In the code cell below, we do exactly that, for evolution times ranging from \(2\) up to \(10\) and Trotter steps ranging from \(1\) to \(25\).

[3]:
import numpy as np
from qiskit.primitives import StatevectorEstimator
from qiskit.synthesis import SuzukiTrotter
from qiskit_addon_utils.problem_generators import generate_time_evolution_circuit
from scipy.linalg import expm

estimator = StatevectorEstimator()
times = np.array(range(2, 11))
ks = np.array(range(1, 25))

exact = []
order2 = []
order4 = []

for time in times:
    exp_H = expm(-1j * time * hamiltonian.to_matrix())
    initial_state = np.zeros(exp_H.shape[0])
    initial_state[0] = 1.0
    time_evolved_state = exp_H @ initial_state
    exact_evs = time_evolved_state.conj() @ observable.to_matrix() @ time_evolved_state
    exact.append(float(exact_evs))

    for k in ks:
        order2_circ = generate_time_evolution_circuit(
            hamiltonian, synthesis=SuzukiTrotter(reps=k, order=2), time=time
        )
        order4_circ = generate_time_evolution_circuit(
            hamiltonian, synthesis=SuzukiTrotter(reps=k, order=4), time=time
        )

        job = estimator.run([(order2_circ, observable), (order4_circ, observable)])
        result = job.result()
        order2.append(result[0].data.evs)
        order4.append(result[1].data.evs)

Analyzing the results

We can now analyze the computed results by plotting them.

[4]:
from matplotlib import pyplot as plt

order2_reshaped = np.asarray(order2).reshape((len(times), len(ks)))
order4_reshaped = np.asarray(order4).reshape((len(times), len(ks)))

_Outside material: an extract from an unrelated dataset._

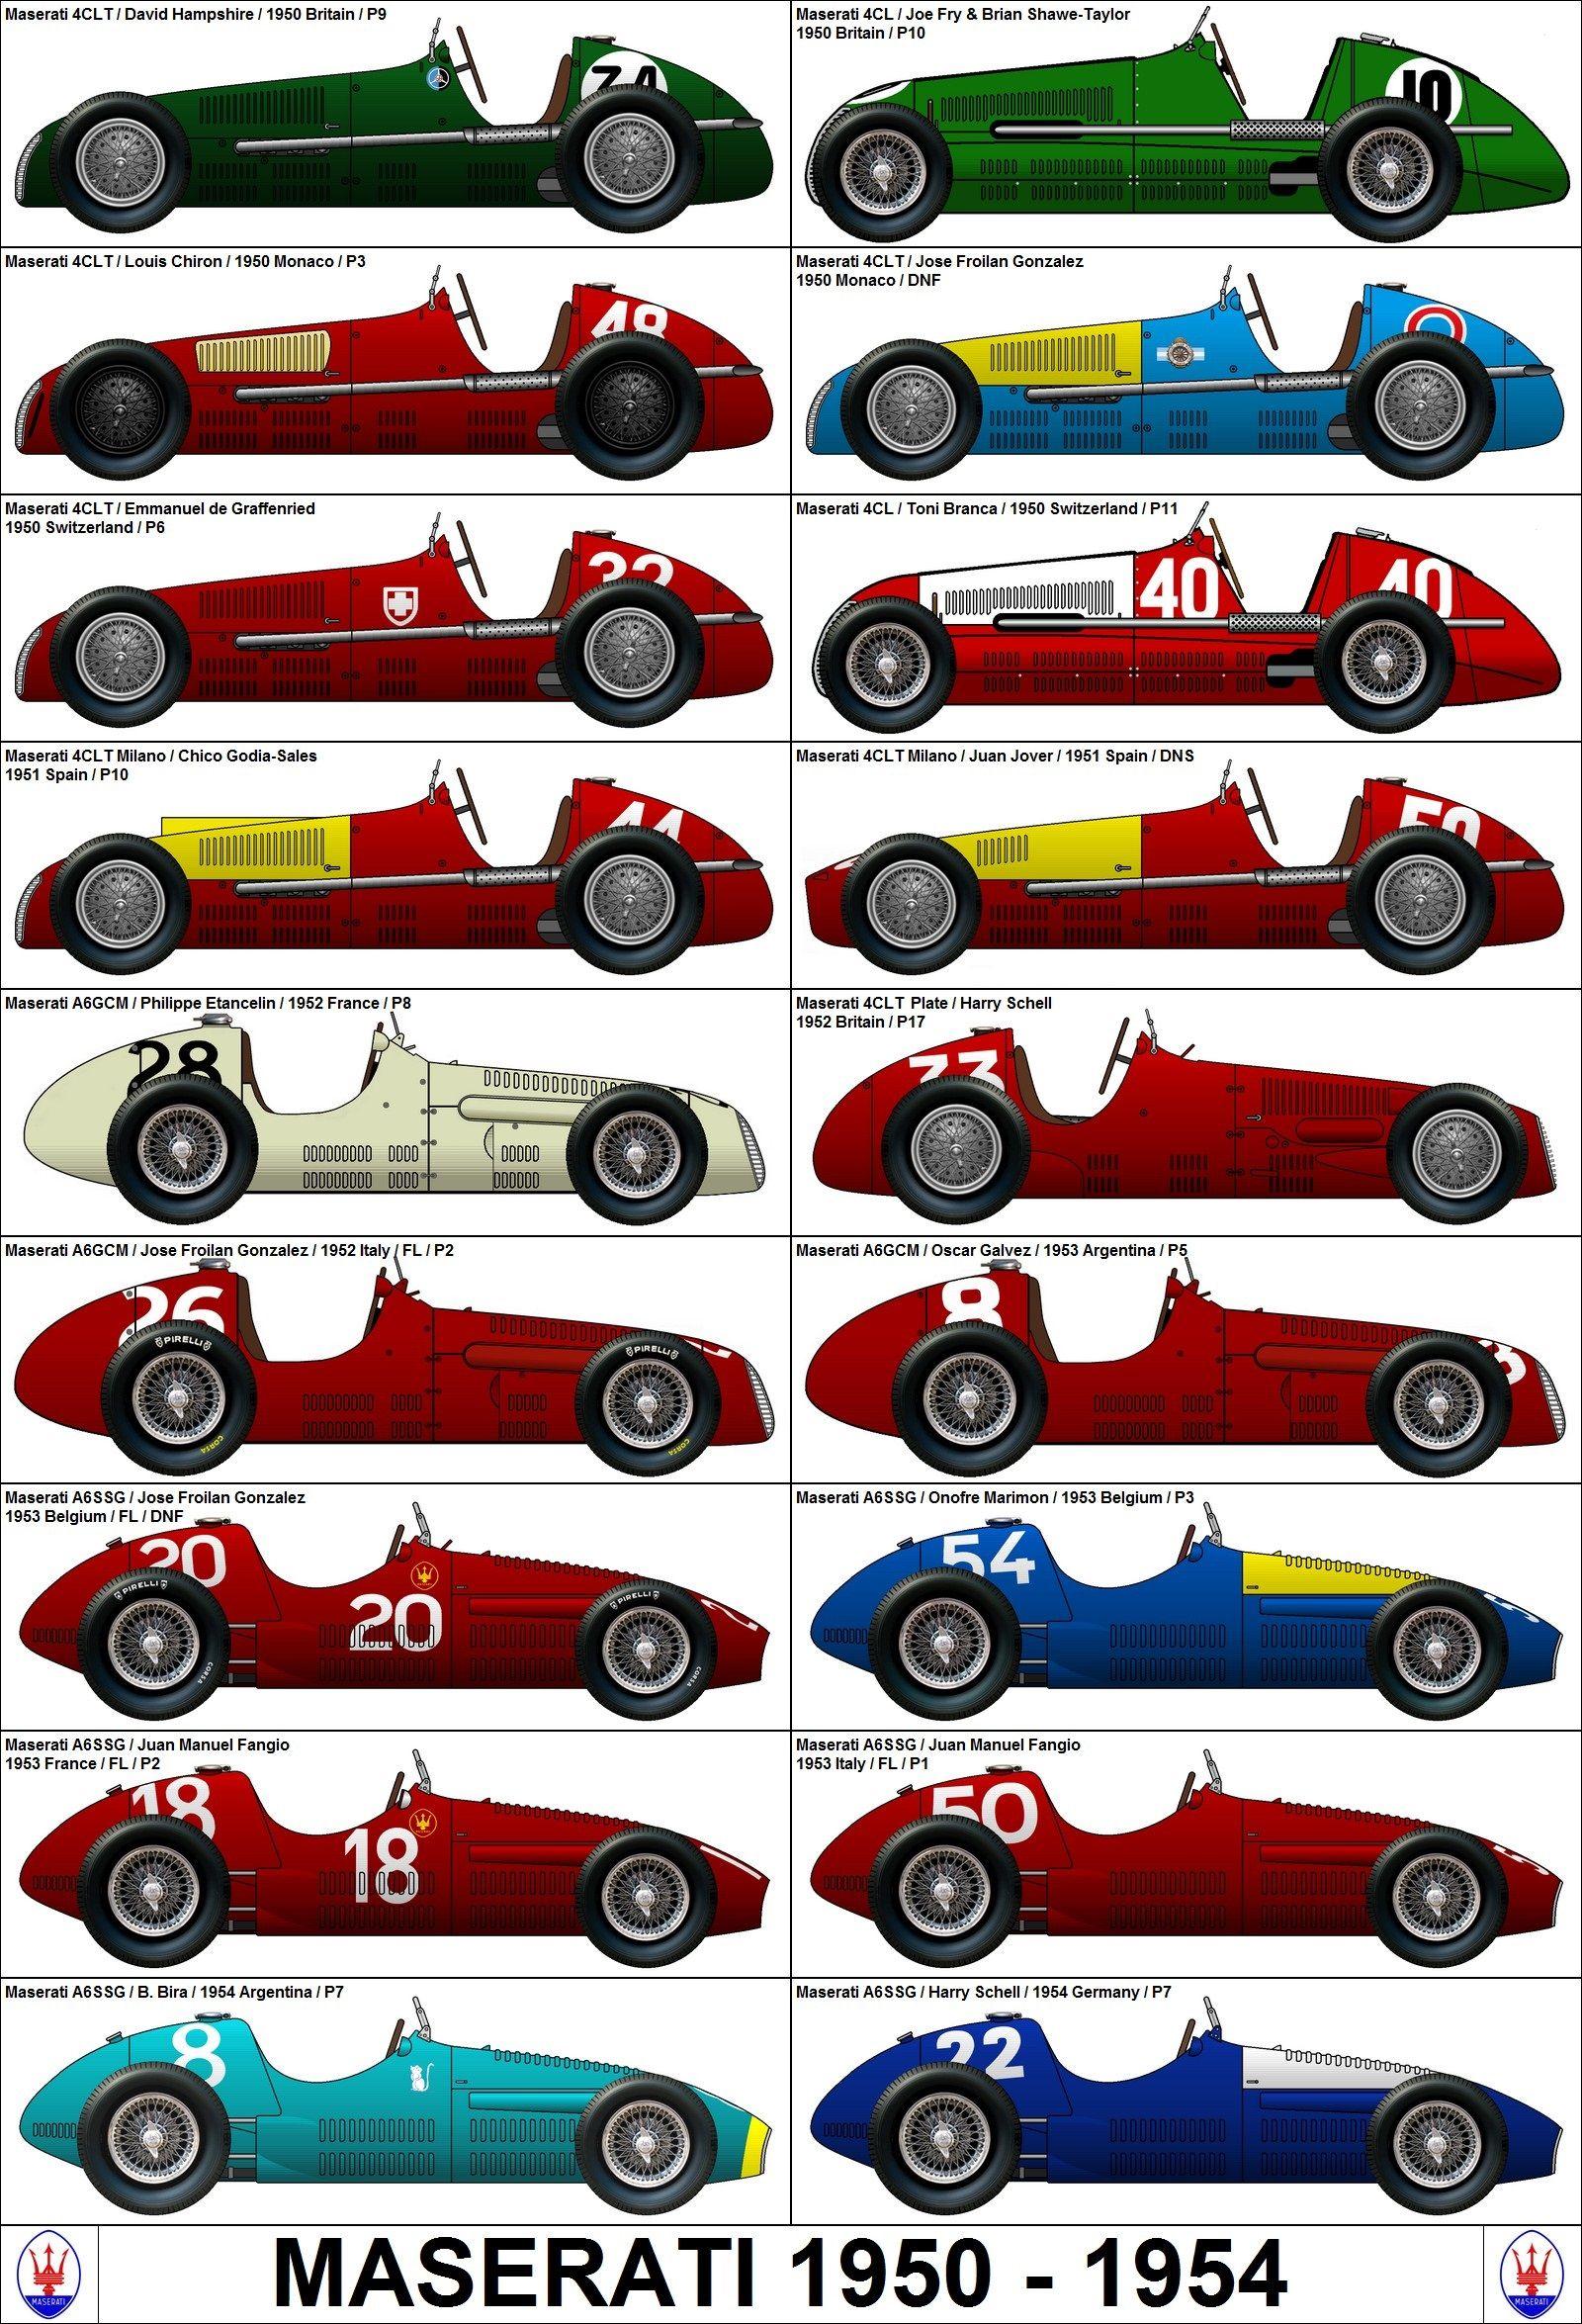 Formula One Grand Prix Maserati 1950 1954 Cars Maserati Ferrari

fig, axes = plt.subplots(3, 3, figsize=(20, 10))

for i, t in enumerate(times):
    ax = axes[i // 3, i % 3]

    ax.axvline(1.0, color="grey", label="$t/k=1$")
    ax.axhline(exact[i], color="tab:green", label="exact")

    ax.plot(t / ks, order2_reshaped[i], label=r"$\chi=2$")
    ax.plot(t / ks, order4_reshaped[i], label=r"$\chi=4$")

    ax.semilogx()
    ax.set_xticks([10**p for p in range(-1, 1)])
    ax.set_xlabel("$t/k$")

    ax.set_ylim([-0.33, 0.55])
    ax.set_ylabel(r"$\langle O \rangle$")

    ax.set_title(f"time={t}")

fig.legend(*ax.get_legend_handles_labels(), ncols=4, loc="center", bbox_to_anchor=(0.5, 0.0))
fig.tight_layout()
../_images/explanations_mpf_stability_8_0.png

We can now clearly see that in the regime \(t/k \gt 1\) the dynamics are no longer reproduced faithfully by the Trotterized circuits. Thus, if an MPF were to use a product formula with a \(k_j\) from that regime, its extrapolated expectation value cannot faithfully produce good results.